Morgantown, WV: U.S. Department of Health and Human Services, Public Health Service, Centers for Disease Control, National Institute for Occupational Safety and Health, FACE 85-33, 1985 Aug; :1-5
A fatal accident circumstances and epidemiology (FACE) report describing a confined space accident in California was presented. The report was part of the NIOSH FACE project to collect data on electricity or confined space/related accidents involving fatalities. The victim and a coworker were exposed to 2- nitropropane (79469) and coal-tar-pitch (8007452) vapors while painting the valves and steel flanges in a 72 inch underground water line with an epoxy coating on July 1, 1985. They were admitted to a hospital after complaining of nausea, headache, and vomiting. They were discharged on July 2. The victim was readmitted on July 6. He lapsed into a coma and died on July 12 of acute liver failure.
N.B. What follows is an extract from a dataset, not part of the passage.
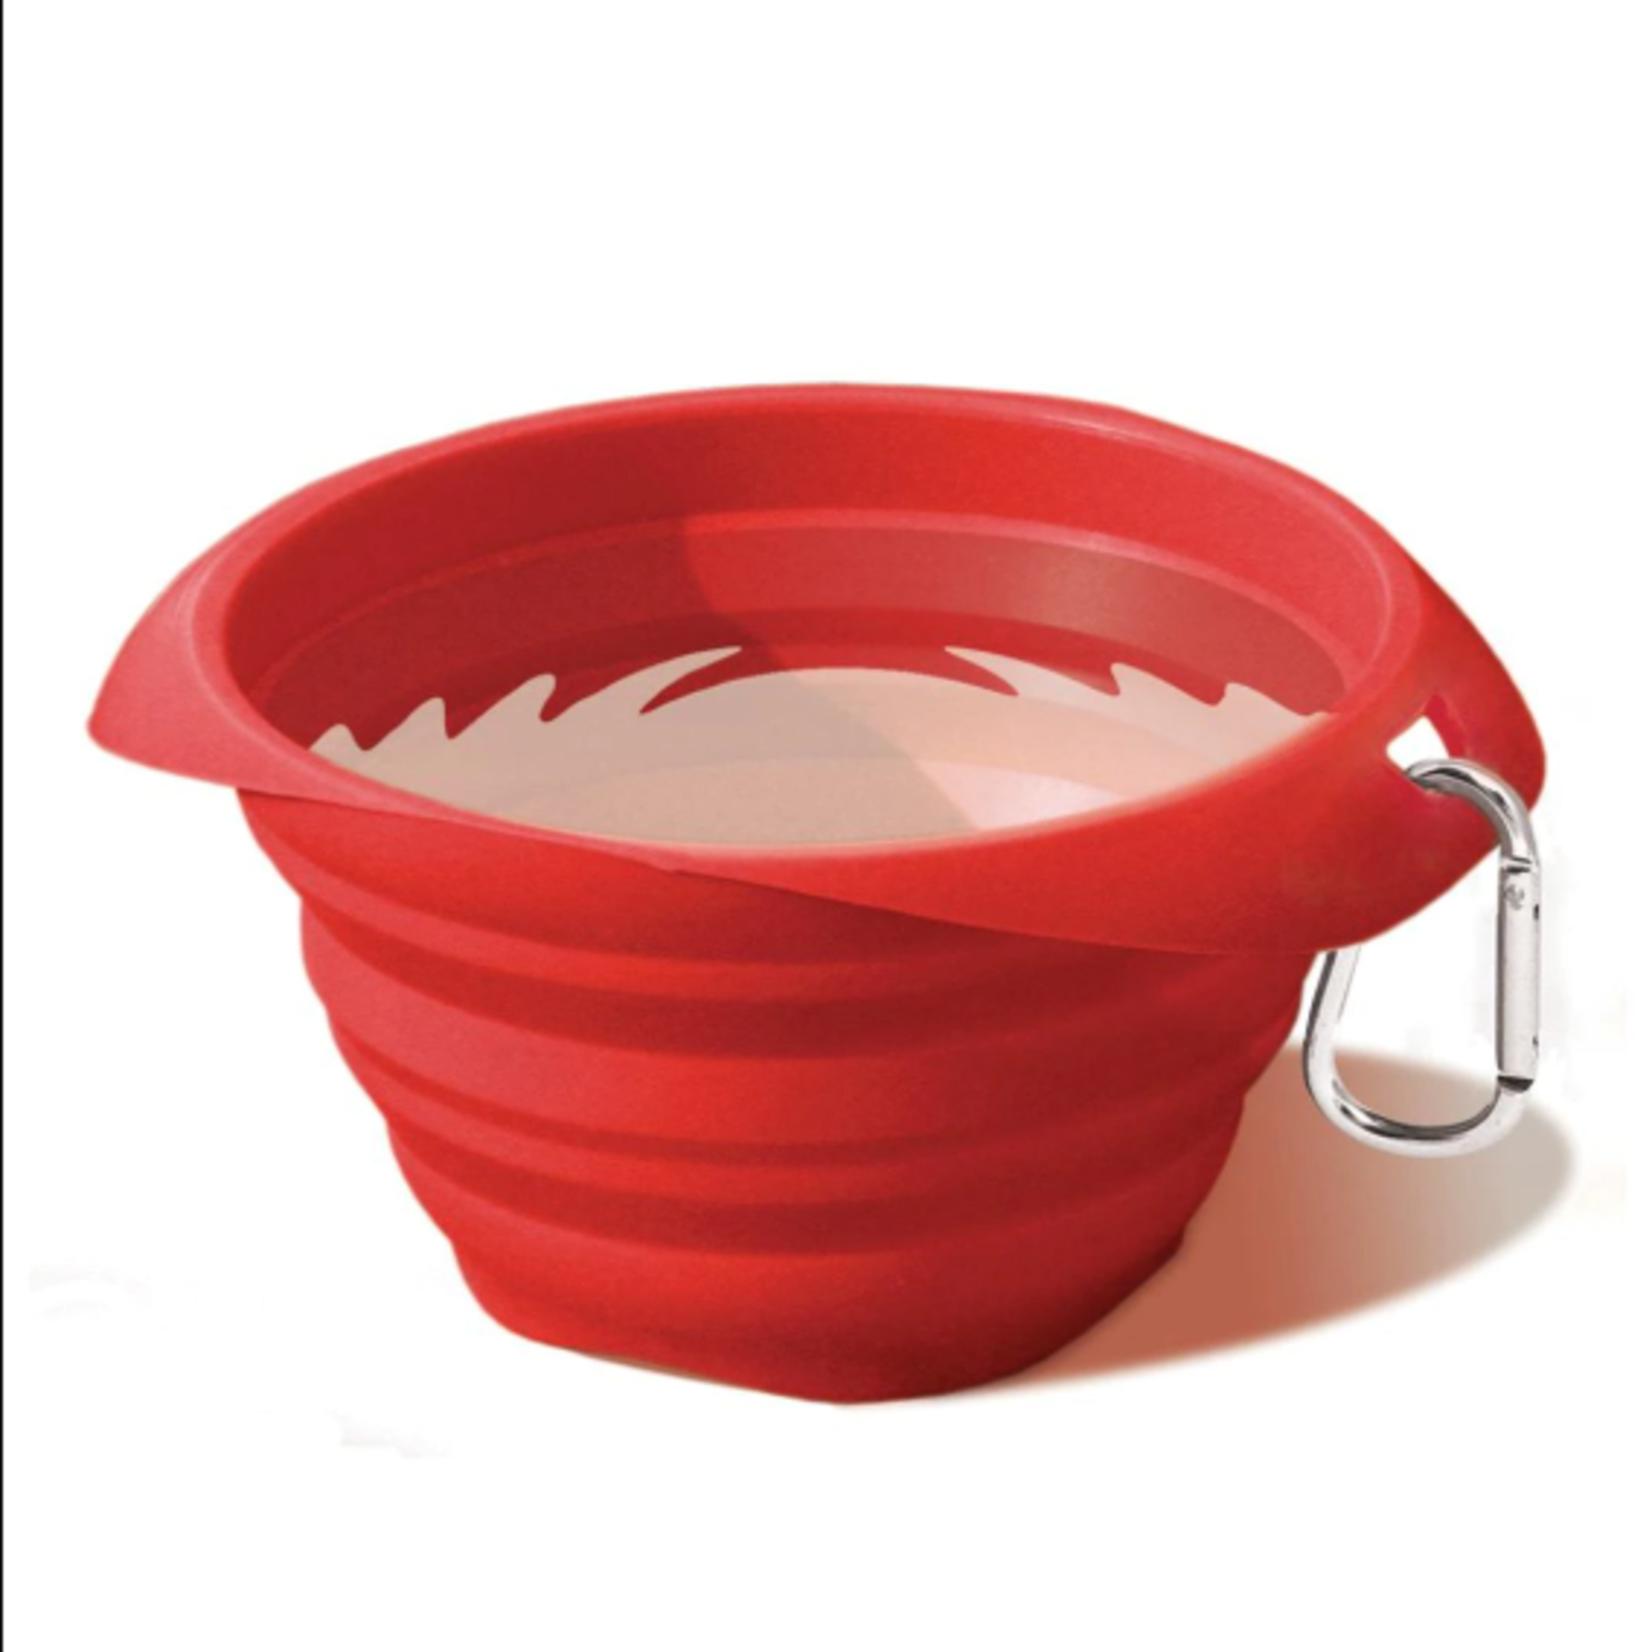 Kurgo Kurgo Collapsable Bowl Red

The coworker was advised by the attending physician not to return to work because of fluctuations in his liver enzyme counts. Despite warnings on the cans not to use the resin in confined, unventilated spaces, a blower provided for ventilation was not used. Since both workers did not speak English well, it is possible they did not understand the warning labels. Recommendations include ensuring that employees are aware of the hazards associated with the materials they are using and enforcing existing safety policies.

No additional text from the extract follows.